[squeak-dev] Check syntactically valid code

Ian Trudel ian.trudel at gmail.com
Thu Apr 27 17:45:09 UTC 2017


2017-04-27 13:26 GMT-04:00 Levente Uzonyi <leves at caesar.elte.hu>:

> Hi Ian,
>

Hi again,


> I see a few issues with the code you attached:
> - #receiveData will only read at most 2000 bytes and will get the content
> of one or maybe more TCP packets. But if you have larger packets enabled on
> your network, it'll only read a partial packet.

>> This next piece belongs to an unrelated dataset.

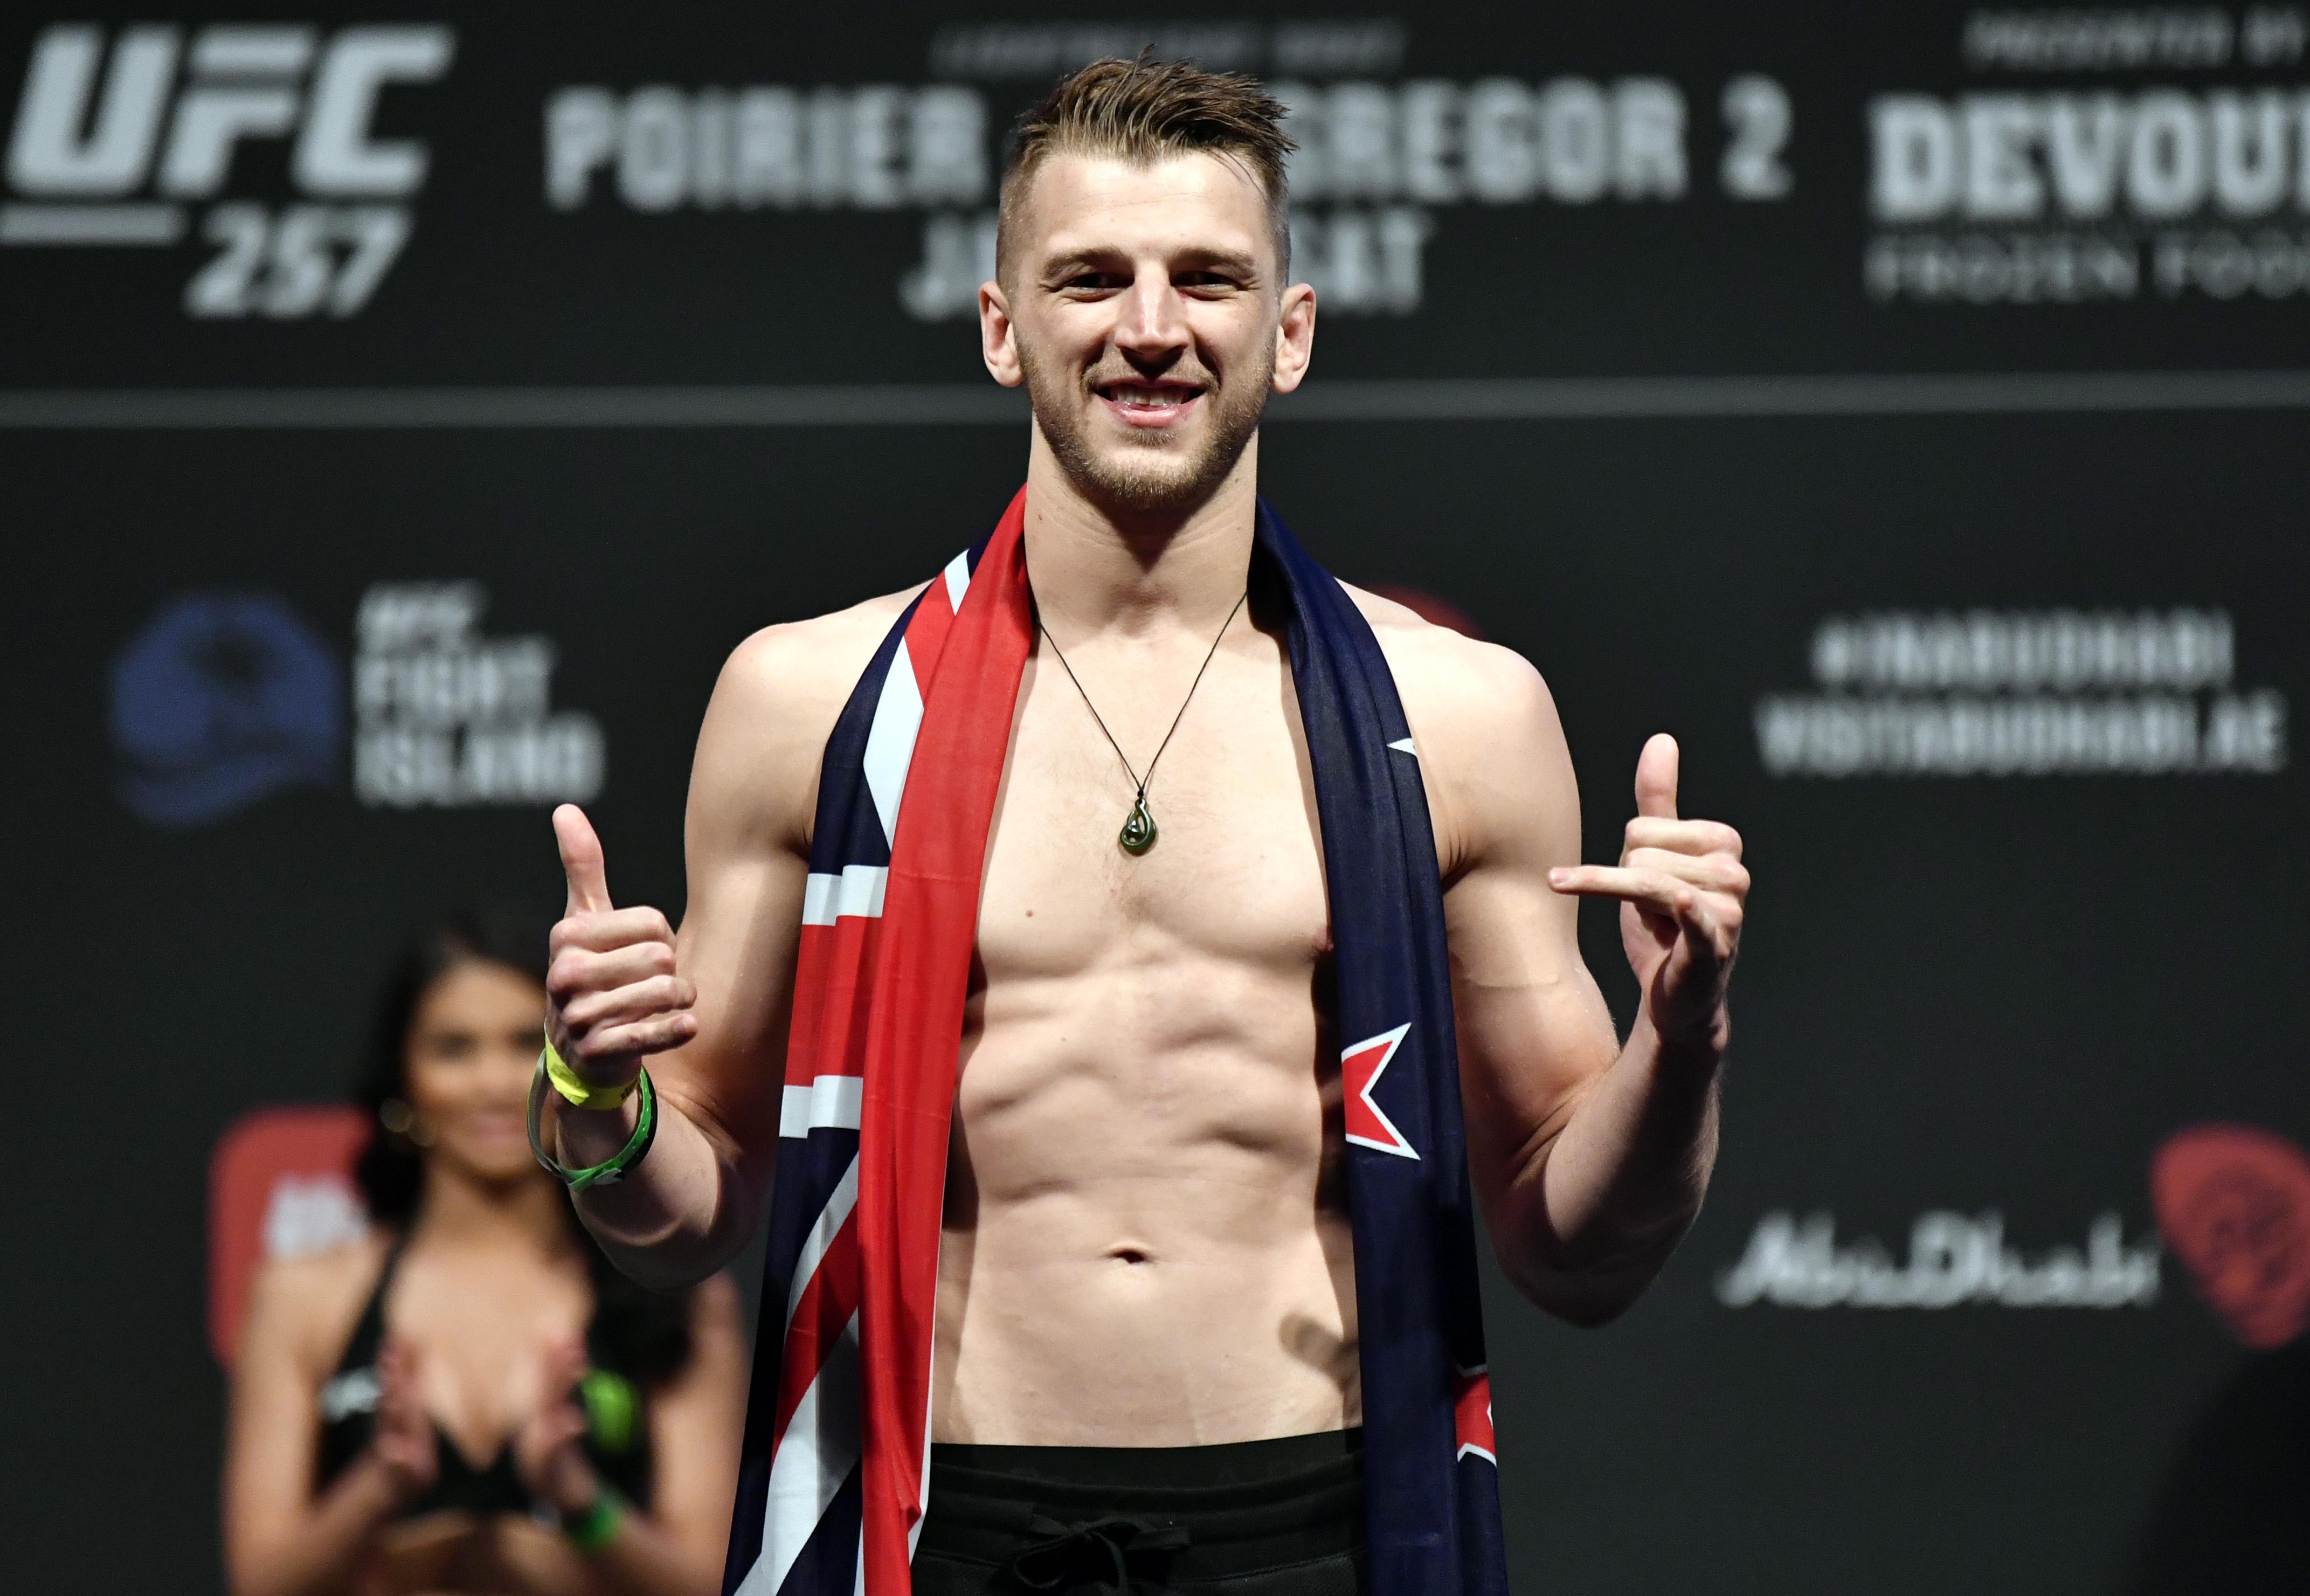 Dan Hooker during weigh-ins for UFC 257.

I suggest you use
> SocketStream, because you don't want to process packets but a stream of
> data.
>

SocketStream seems like a good idea.


> - if you want to handle multiple requests through a single TCP connection,
> you should come up with a protocol to separate the different calls, so that
> you know where a request starts and ends. For example, you could just write
> 2 bytes, the length of the source string and then the source string itself.
> Or you could use Smalltalk's chunk format. Or whatever you come up with
> that fits your needs.
>

Yes, I was thinking about sending length of the source code first. That
would certainly allow SyntaxServer to know how many bytes to expect.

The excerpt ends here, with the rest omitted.